*** DATA TO PROCESS

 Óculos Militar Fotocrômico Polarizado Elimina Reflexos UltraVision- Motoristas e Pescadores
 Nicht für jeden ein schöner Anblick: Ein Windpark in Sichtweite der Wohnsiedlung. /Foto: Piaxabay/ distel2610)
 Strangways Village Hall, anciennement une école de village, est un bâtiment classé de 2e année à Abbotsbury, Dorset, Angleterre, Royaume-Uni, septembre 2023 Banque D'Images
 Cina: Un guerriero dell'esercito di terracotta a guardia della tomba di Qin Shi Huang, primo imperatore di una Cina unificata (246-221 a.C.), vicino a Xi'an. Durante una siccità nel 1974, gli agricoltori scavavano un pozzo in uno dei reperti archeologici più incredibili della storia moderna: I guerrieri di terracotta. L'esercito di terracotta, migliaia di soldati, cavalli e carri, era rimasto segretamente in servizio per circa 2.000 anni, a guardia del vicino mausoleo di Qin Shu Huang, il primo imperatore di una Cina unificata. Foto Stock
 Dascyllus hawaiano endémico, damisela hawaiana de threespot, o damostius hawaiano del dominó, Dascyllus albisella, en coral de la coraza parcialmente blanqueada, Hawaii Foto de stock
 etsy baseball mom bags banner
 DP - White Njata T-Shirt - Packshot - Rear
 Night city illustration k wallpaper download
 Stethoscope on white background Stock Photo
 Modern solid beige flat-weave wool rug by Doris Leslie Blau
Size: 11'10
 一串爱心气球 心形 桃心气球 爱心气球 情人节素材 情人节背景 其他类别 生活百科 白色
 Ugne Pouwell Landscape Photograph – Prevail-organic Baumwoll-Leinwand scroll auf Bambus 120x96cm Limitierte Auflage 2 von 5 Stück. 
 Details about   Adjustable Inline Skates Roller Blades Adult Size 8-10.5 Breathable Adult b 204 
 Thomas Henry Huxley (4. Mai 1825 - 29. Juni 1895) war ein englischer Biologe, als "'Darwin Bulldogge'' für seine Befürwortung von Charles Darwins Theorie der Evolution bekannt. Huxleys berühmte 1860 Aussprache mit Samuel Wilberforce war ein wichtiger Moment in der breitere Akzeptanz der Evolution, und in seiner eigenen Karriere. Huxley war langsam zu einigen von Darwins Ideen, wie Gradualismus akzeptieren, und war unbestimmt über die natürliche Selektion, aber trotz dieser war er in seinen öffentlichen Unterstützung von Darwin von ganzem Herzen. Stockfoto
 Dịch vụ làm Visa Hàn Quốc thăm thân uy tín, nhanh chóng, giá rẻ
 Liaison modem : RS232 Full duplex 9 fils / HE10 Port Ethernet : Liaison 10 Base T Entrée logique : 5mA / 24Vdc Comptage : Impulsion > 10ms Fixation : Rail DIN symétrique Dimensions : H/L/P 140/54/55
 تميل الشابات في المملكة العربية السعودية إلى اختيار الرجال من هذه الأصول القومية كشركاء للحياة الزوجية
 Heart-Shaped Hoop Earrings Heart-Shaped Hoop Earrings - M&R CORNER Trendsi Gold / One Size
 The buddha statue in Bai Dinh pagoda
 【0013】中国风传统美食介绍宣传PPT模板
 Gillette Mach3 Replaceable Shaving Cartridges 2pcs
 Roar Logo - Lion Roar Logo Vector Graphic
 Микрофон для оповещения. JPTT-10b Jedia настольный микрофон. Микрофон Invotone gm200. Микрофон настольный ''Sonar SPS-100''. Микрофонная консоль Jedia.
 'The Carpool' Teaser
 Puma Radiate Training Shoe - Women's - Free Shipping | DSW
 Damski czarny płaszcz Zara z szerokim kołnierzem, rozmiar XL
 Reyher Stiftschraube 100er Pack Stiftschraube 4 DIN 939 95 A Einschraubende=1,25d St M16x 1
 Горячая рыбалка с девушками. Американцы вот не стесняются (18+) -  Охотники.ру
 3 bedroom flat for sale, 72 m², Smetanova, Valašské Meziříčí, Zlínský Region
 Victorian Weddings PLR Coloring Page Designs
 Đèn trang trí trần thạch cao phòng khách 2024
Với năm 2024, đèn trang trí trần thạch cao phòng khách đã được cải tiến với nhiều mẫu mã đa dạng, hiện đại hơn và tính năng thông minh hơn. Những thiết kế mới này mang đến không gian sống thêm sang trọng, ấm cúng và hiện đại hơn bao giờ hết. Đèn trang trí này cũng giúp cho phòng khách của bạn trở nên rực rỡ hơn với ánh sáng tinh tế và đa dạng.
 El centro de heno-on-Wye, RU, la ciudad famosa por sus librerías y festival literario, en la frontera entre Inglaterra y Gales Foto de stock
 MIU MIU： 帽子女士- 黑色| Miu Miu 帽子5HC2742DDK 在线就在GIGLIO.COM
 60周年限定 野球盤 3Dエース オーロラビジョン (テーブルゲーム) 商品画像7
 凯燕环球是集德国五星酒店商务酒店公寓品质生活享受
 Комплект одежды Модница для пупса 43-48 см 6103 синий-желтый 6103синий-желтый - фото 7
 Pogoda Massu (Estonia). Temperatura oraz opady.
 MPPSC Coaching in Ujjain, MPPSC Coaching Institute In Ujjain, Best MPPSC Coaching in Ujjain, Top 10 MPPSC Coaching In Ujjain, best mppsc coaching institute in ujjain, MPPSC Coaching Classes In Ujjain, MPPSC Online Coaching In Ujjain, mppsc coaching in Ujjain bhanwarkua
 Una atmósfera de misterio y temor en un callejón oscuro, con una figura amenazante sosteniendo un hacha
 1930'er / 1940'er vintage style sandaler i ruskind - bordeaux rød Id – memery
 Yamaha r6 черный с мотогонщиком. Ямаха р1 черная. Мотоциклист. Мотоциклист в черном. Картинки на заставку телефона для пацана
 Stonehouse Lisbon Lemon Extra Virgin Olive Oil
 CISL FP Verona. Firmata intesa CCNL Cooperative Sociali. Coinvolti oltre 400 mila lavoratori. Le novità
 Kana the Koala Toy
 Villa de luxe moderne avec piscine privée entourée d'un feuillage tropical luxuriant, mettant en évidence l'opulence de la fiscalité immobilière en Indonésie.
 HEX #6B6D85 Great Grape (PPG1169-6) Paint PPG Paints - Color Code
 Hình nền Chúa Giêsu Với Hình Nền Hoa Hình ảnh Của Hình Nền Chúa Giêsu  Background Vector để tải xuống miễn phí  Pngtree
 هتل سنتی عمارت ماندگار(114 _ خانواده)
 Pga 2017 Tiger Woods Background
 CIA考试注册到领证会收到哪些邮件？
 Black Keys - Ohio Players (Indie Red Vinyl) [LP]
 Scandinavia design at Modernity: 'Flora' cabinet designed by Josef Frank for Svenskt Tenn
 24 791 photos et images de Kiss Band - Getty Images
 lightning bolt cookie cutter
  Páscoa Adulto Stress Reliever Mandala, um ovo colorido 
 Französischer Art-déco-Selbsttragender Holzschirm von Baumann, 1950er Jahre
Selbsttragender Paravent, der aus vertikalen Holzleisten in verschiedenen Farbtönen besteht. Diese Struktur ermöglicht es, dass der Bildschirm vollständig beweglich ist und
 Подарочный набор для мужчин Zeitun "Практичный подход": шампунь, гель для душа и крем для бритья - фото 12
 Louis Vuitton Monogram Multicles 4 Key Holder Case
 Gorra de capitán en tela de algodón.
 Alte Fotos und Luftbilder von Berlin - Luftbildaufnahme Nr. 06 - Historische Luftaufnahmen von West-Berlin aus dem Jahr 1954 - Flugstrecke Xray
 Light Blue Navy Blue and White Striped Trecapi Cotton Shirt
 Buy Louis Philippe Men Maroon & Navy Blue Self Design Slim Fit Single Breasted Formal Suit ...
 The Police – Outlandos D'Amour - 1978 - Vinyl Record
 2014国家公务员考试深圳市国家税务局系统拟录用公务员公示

******

> _YOUR ASSIGNMENT_: With the string "Vector" as the key, filter the data above and show the lines that match.

> _RESULT OF THE TASK_:
 Roar Logo - Lion Roar Logo Vector Graphic
 Hình nền Chúa Giêsu Với Hình Nền Hoa Hình ảnh Của Hình Nền Chúa Giêsu  Background Vector để tải xuống miễn phí  Pngtree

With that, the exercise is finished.